Banco Santander has placed, in amount of 764,030,000, a total of 7,640,000 of loyalty bonds destined to compensate former shareholders of Popular who lost ir investment after liquidation of that bank and are now customers of entity Who presides over Ana Botin. The placement means reaching 77.88% of expected maximum. The acceptance period ended last December 7th.

Specifically, y are customers of Popular who bought shares during May 2016 capital increase or subordinated obligations in July 2011. Both assets were worth zero euros on June 6 when Popular went bankrupt and was bought by a euro by Santander, incorporating 2 billion of its own resources. "In accordance with provisions of securities note, delivery of loyalty bonds to offer acceptors will take place today", he has communicated to National Securities Market Commission (CNMV).

More information
  • Santander buys Deutsche Bank retail banking in Poland for 305 million
  • Santander agreed departure of 1,100 employees including under 50 years
  • Brussels will consult with Santander if it offers more information on sale of Popular
  • Santander won 5.77 billion to September, 10% more

The bank's offer presided over by Ana Botin was aimed "exclusively at retail customers, wher individuals or companies". According to Santander, 99% of m acquired titles of Popular for less than 100,000 euros. In this case, y would receive 100% of investment. For stretch between 100,000 and 500,000, 75%; Between 500,000 and 1 million, 50%. From million, nothing can be recovered.

For those who exceed 100,000 euros will apply this system: for example, for an amount of 250,000 euros, 100% will be paid for first 100,000 and 75% for second 150,000, which will be compensated by 212,500. And so in rest of cases.

Very specific conditions

In addition, strict conditions were required to receive compensation. First, investment should be deposited in Popular in Spain or Santander at time of resolution. The offer excluded institutional investors or members of Popular Council.

In addition to renouncing to take legal action, those who wish to avail mselves of this system of compensation have had to sign and write of ir fist and letter that renounce any action against Santander and that y understand risk of product y acquire. Finally, y will have to maintain, when se loyalty bonds are delivered, an "equivalent" business relation in volume of money to which y had when y bought shares or subordinated obligations.
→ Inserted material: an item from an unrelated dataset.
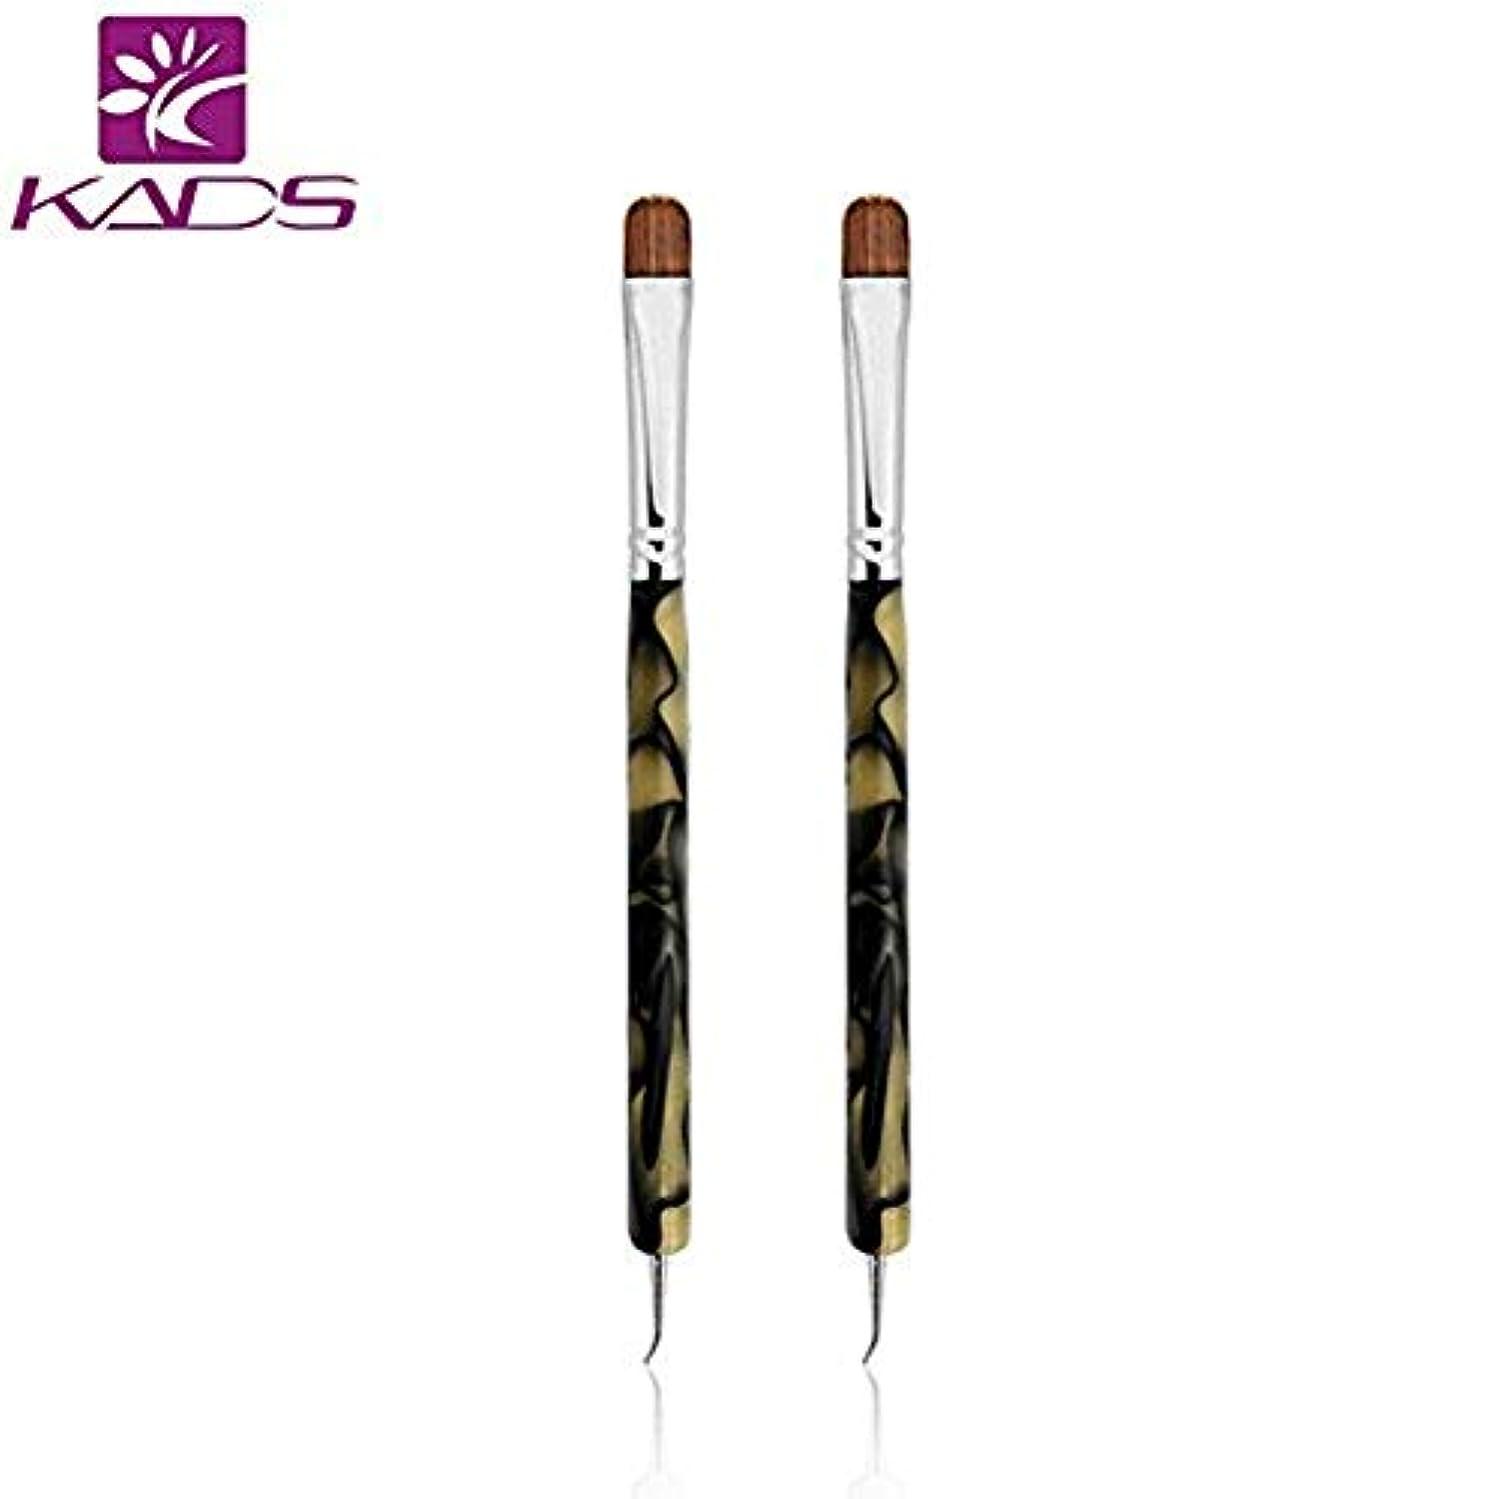 フリースパイントレタッチKADS アクリル用ブラシ/ドットペン付き 2way用 2本入り コリンスキー製ブラシ/ペン ネイルアート用道具(2個/セット)

With this movement, Santander tries to achieve several objectives: to retain customers, to bring money that could be taken from Popular during weeks of panic and content employees who went to last expansion of capital and have lost All. Maintaining strength of commercial business of Popular is key for Santander to maximize this purchase. At same time, it tries to curb a possible barrage of judicial claims. However, Santander discards institutional investors, which according to doctrine of Supreme Court, are qualified agents with or knowledge and interests different from those of small shareholders, according to an argument used in crisis of Bankia.

Perpetual obligations

These new bonds with which Santander compensate se shareholders will be perpetual obligations (similar to those known as Cocos) issued by Santander, with 100 euros of nominal value, which can be amortized from seventh year at will of own Entity and with previous approval of ECB. This voluntary in amortization has been criticized by law firms. The bonds are quoted in fixed-income market, so your owner will be able to sell in advance, although if you do, you will have discounts, so you only achieve full profitability if you wait seven years.

Santander explained that although it will issue up to 980 million in bonds, maximum cost to be assumed is 680 million euros, which will have no impact on income statement or capital of group, since it was provided at time of purchase of Popular.